The task - Print the data below exactly as it stands, and keep the pictures out.

Collected data -

________________

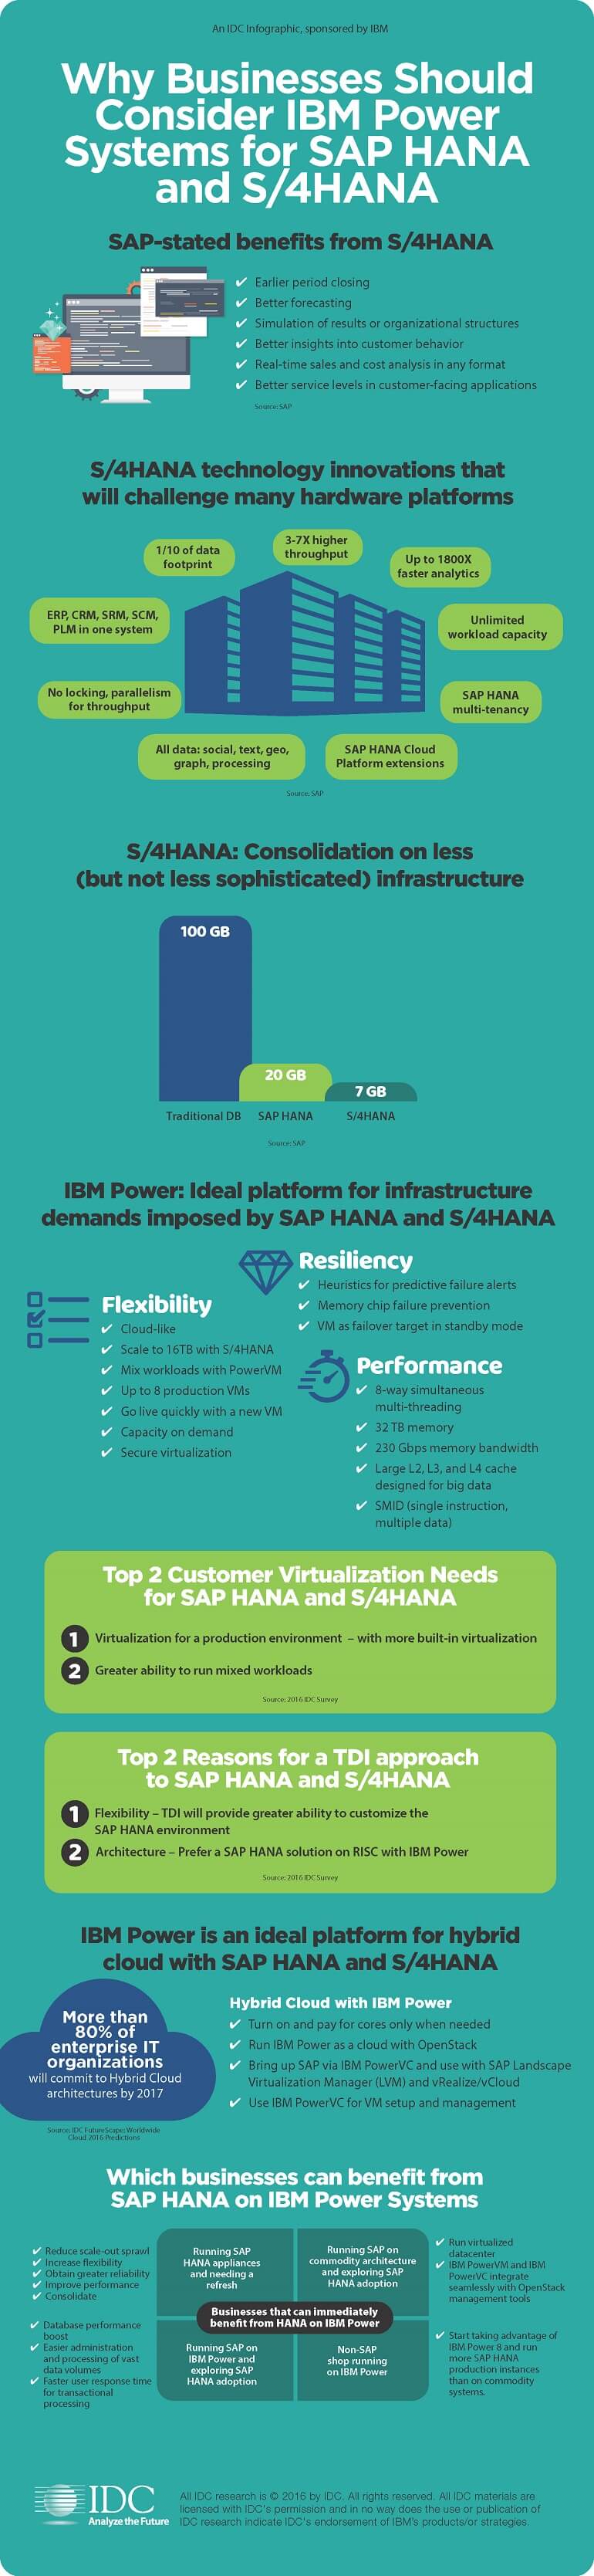 Infographic displaying IBM Power Systems
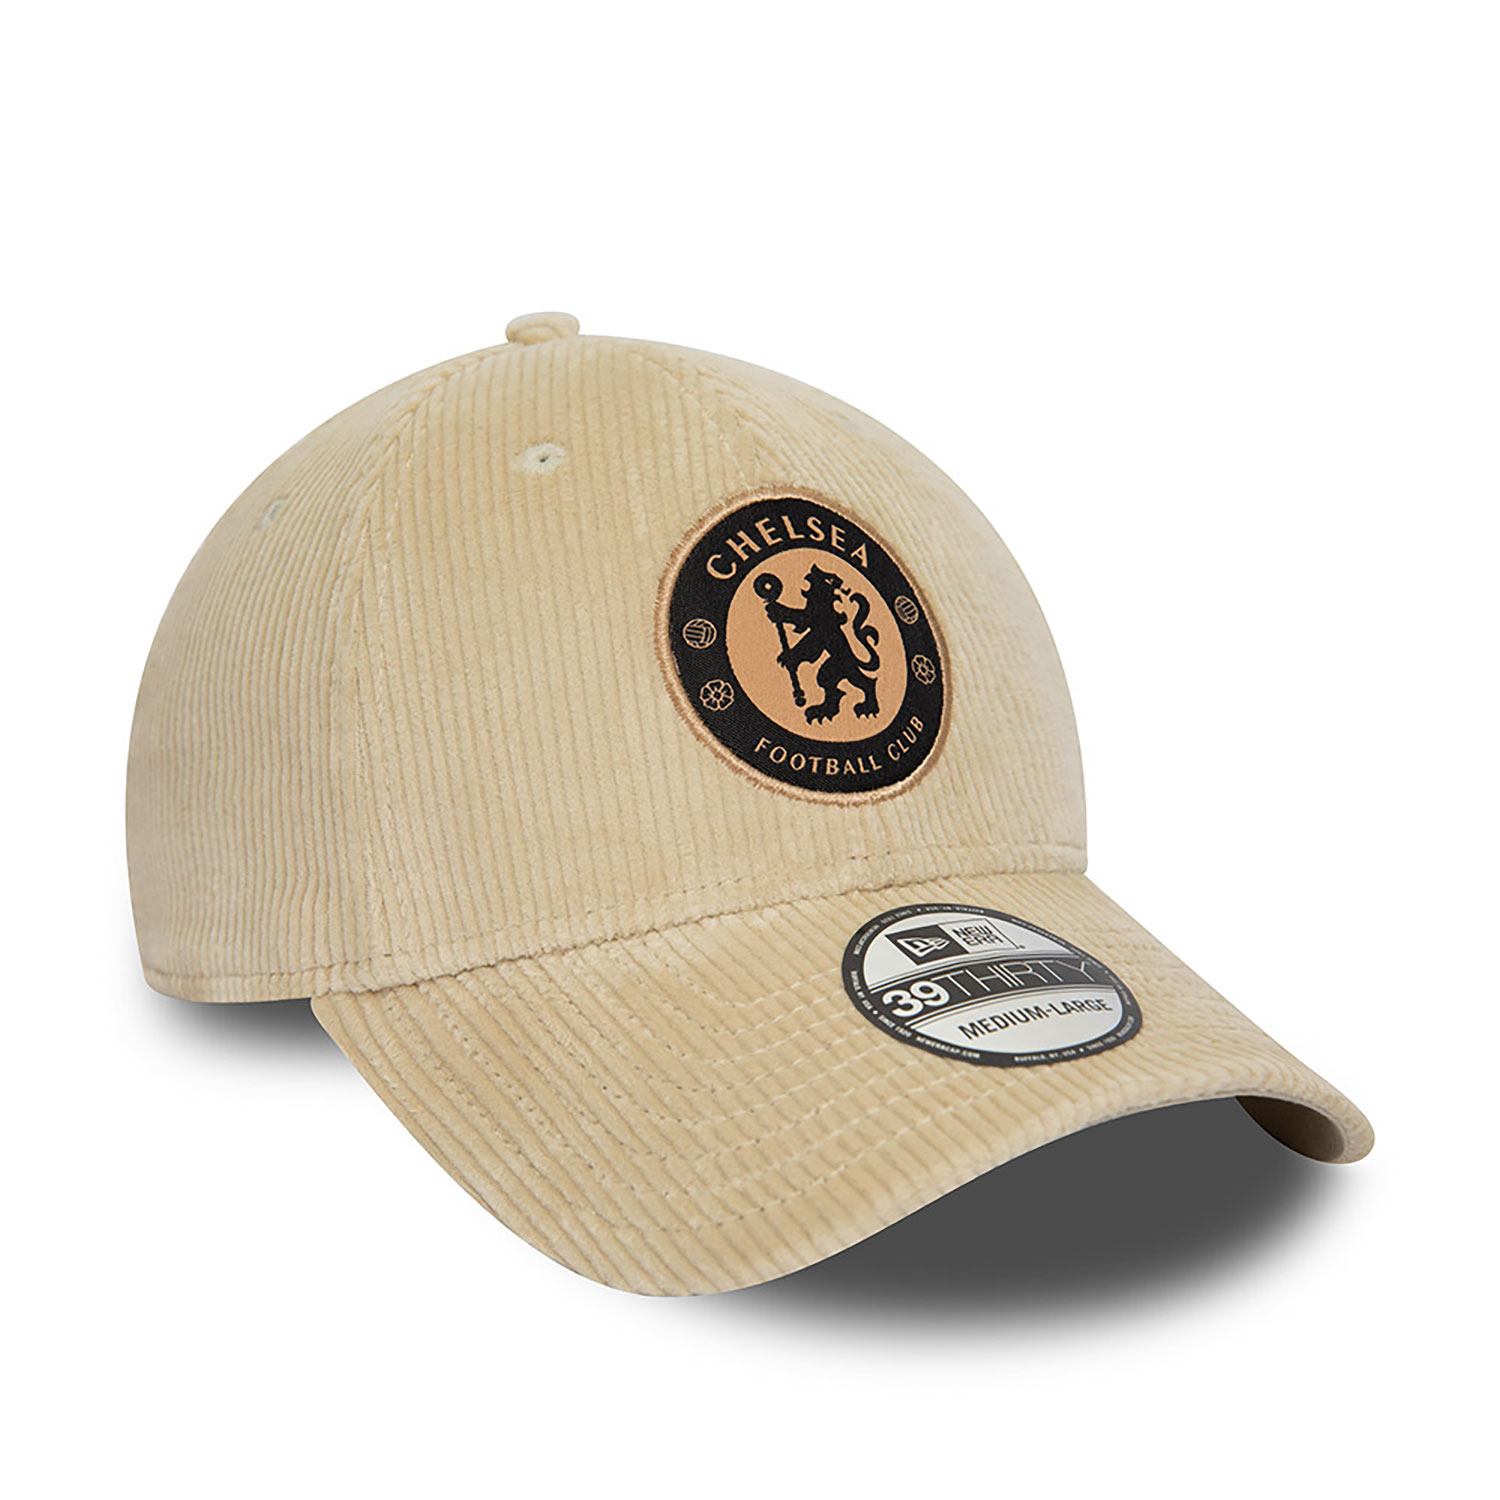 Chelsea FC Lion Crest Midcord Stone 39THIRTY Stretch Fit Cap
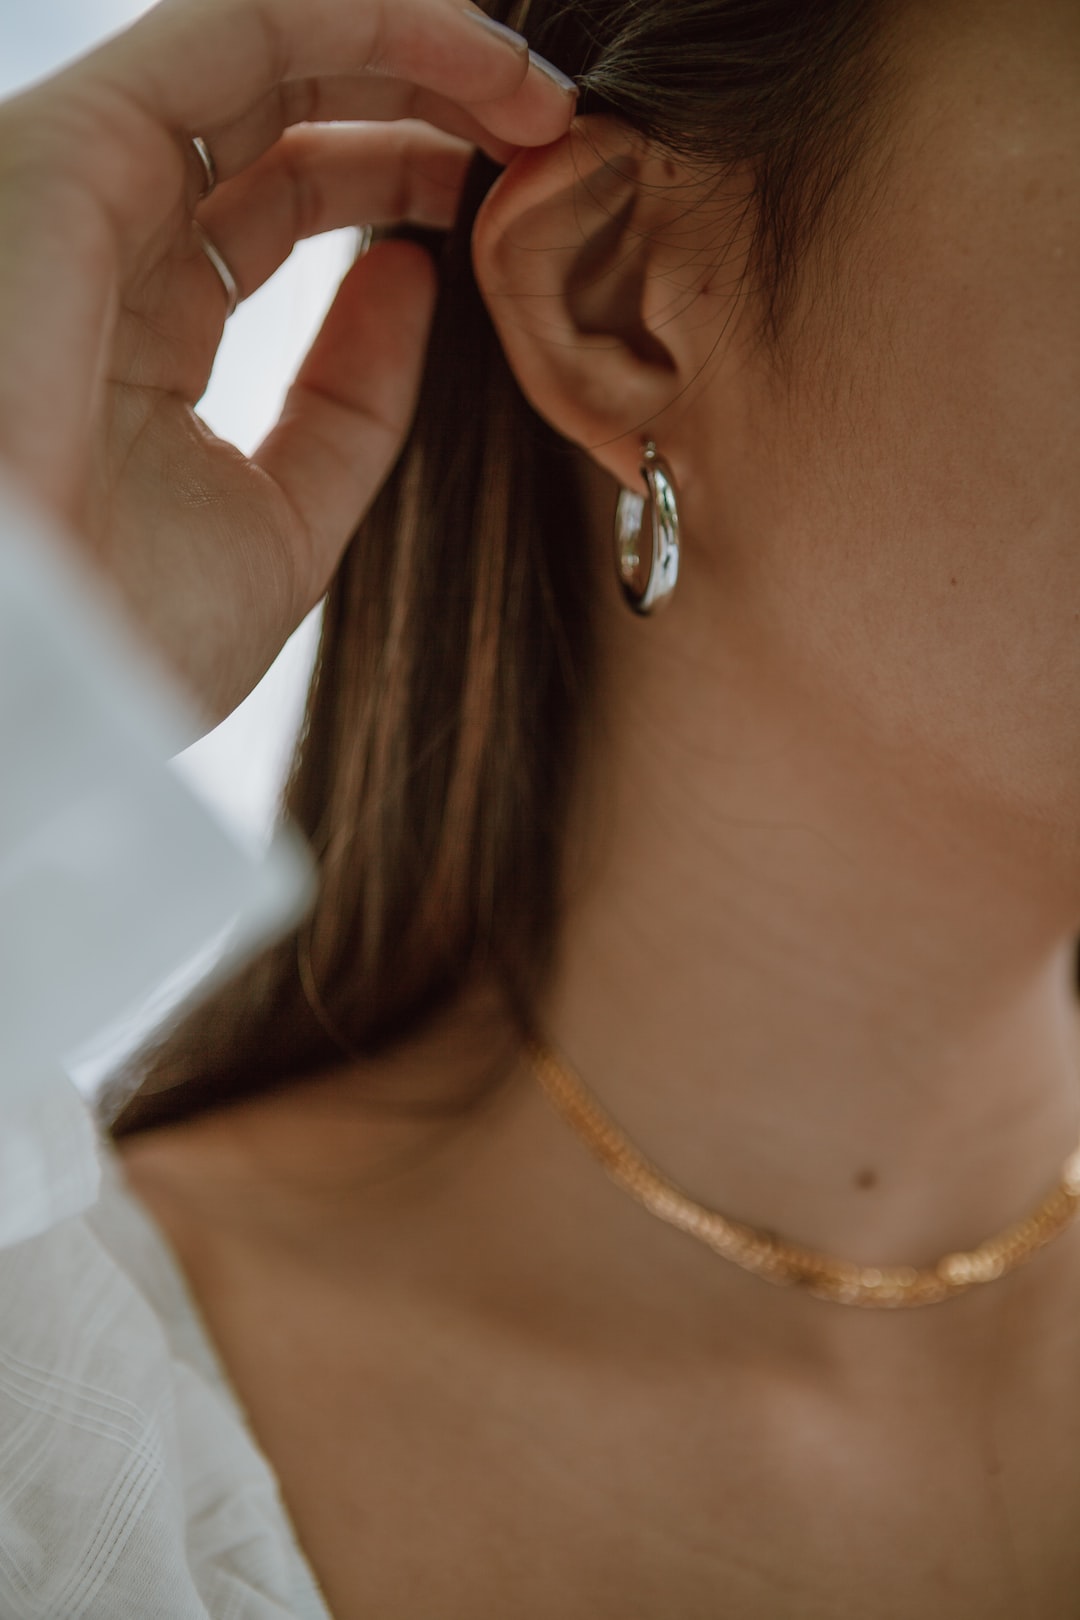 Silver Sterling Jewelry for Minimalist Fashion

________________

Output below -
 Infographic displaying IBM Power Systems
 Chelsea FC Lion Crest Midcord Stone 39THIRTY Stretch Fit Cap
 Silver Sterling Jewelry for Minimalist Fashion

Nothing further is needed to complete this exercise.